Но я уже захлопнул дверь и бежал по ступенькам вниз. Для меня всё только начиналось.
Потом говорили, что его убили в Чечне. Кем он был для меня? Я не знаю. Я больше не могу однозначно оценивать людей. Свет и Тьма смешались в моём сознании. Я не могу их отличить. Для меня всё — одно.
Война — лекарство против морщин. Умереть молодым или жить молодым вечно — это ведь почти одно и то же. Мы только тени, изображающие жизнь.

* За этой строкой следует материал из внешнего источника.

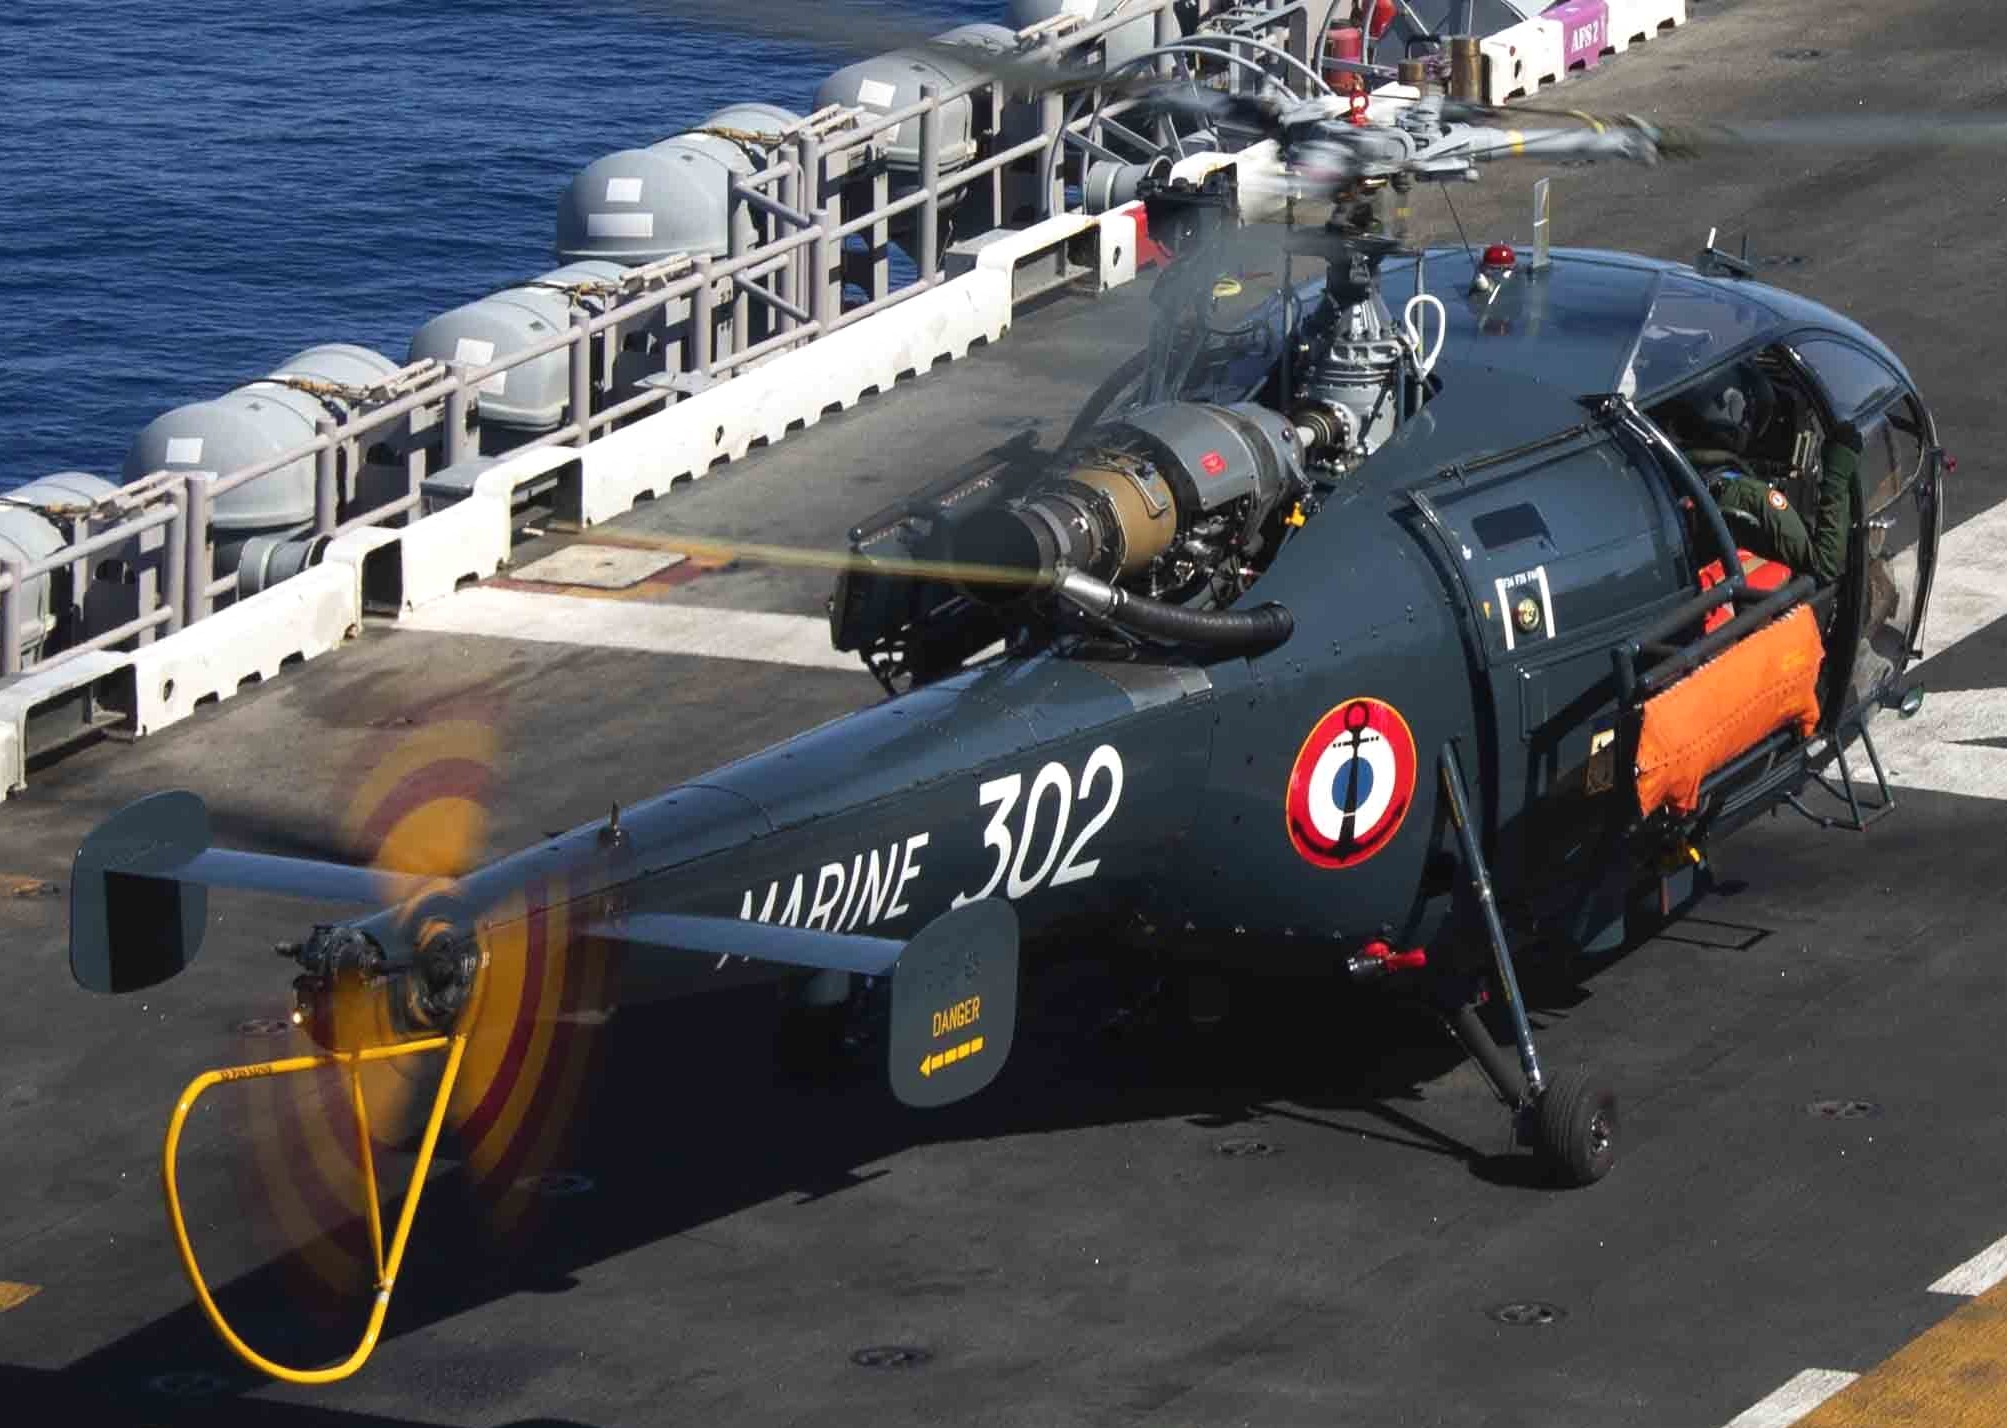 sa 316 319 alouette iii helicopter french navy marine nationale aeronavale flottille 302 25

Из письма Антона: «А ведь ты всегда был сильнее меня. Я это понял ещё тогда, когда ты сбежал из интерната. Я сидел на рельсах и поджидал тебя, чтобы вернуть назад, а увидев, сосредоточенно идущего в лучах солнца, понял, что всё напрасно, что тебя не остановить никому. Именно эту безграничную, непокорную и свободную силу в тебе я полюбил. Это было как болезнь, но я ничего не мог с собой поделать, я уже не мог отпустить тебя и не желать прикасаться к этой силе, к тебе, снова и снова. Может, после того, как меня убьют на этой войне, ты всё-таки простишь меня».